1015 GMT: Nuclear Watch. We are still waiting for signals from today's talks in Vienna between Iranian officials and the International Atomic Energy Agency on a protocol for inspections of Tehran's nuclear facilities.
0712 GMT: Doomsayer of the Day. Hossein Shariatmadari, the editor of Kayhan is prepared to consign the nuclear talks to the dustbin: "The Vienna meeting [with the International Atomic Energy Agency] was a well, Moscow [with the 5+1 Powers] will be a pit."
Shariatmadari said that fulfilling the "demands" of IAEA head Yukiya Amano "will take 200 years".
0510 GMT: Yesterday we began with the evaluation that the nuclear talks between Iran and the 5+1 Powers (US, UK, Germany, France, China, and Russia) were nearing breakdown and that the Islamic Republic's officials were preparing for the fallout, at home and abroad.
This morning there are some ritual signals from the West's negotiators that all is still fine for the formal meeting in Moscow on 18 -19 June, despite Iran's real or feigned frustration and anger at the refusal of preparatory talks --- the European Union's Helga Schmid said, ""We would feel very encouraged if Iran were ready ... to enter into these discussions" --- but that is not reflected in Tehran.
Instead, Speaker of Parliament Ali Larijani put out his call to get ready for the consequences.
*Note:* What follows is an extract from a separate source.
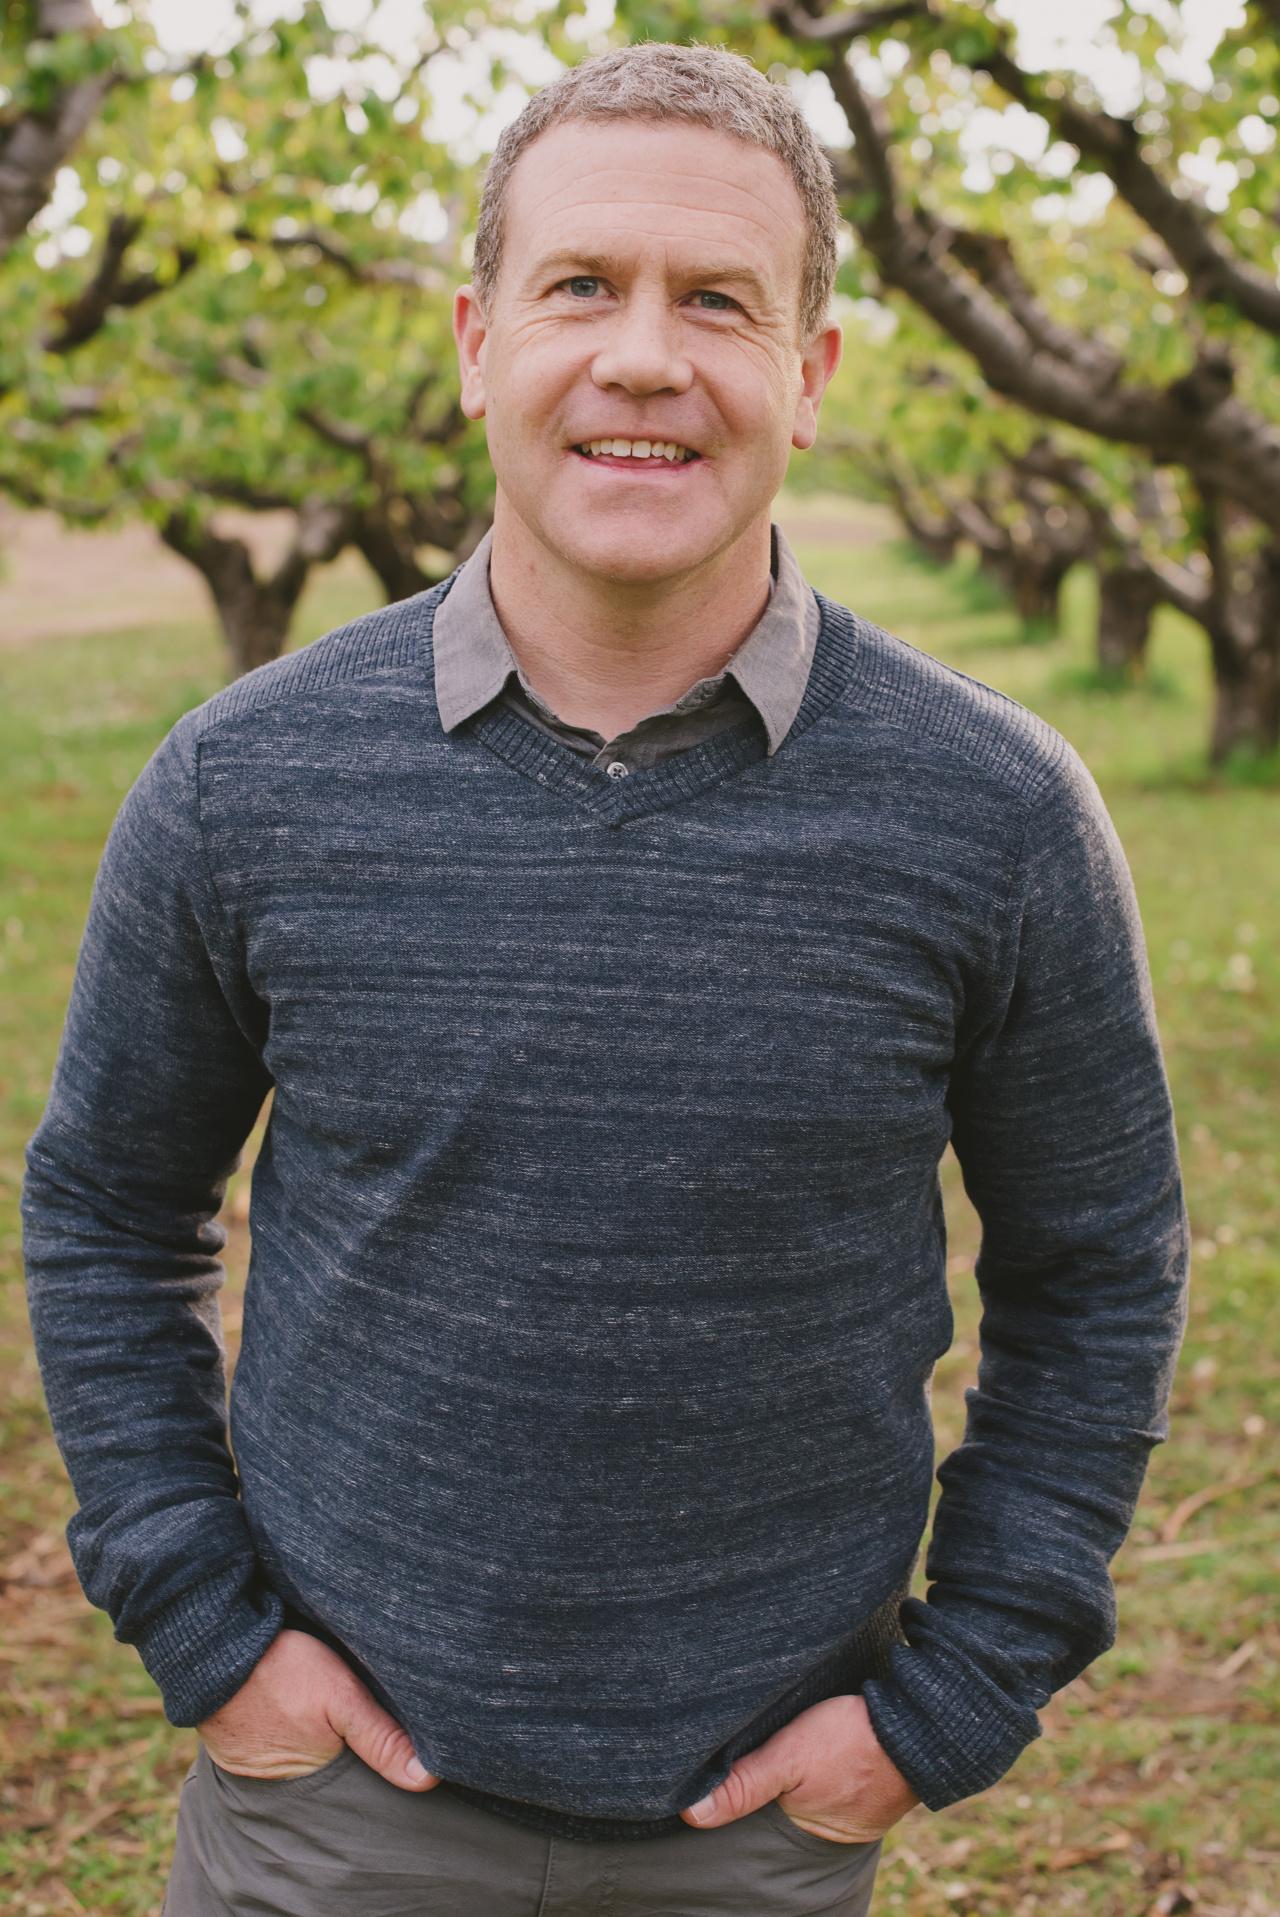 Shane James

He said there must be unity in the Majlis, as "some want to create unrest among the people". Like other officials this week, including the Supreme Leader's representatives, he tried to ensure blame for the fallout was put on the US and its allies, as the "enemy has targeted the economy".
Former President Hashemi Rafsanjani was also putting down markers on Thursday, as "pressures on the Islamic Republic do not allow for a win-win situation". He made certain that he explained that the Expediency Council, which he chairs, "cannot solve all problems".
Press TV offers a bit of balance in its lead Iran story, "Russian Foreign Minister Sergei Lavrov has said that Iran is serious about engaging in a 'stable' process of negotiation to resolve the issues concerning its nuclear energy program."
For now, however, like most in the Islamic Republic's hierarchy, I am looking to a future beyond the suspension of the nuclear talks, whether that comes before, during, or after the formalities in Moscow. Only a significant signal from the "West" of a willingness to accept an Iranian right to uranium enrichment, with a promise to ease sanctions as a deal is discussed, will avoid that.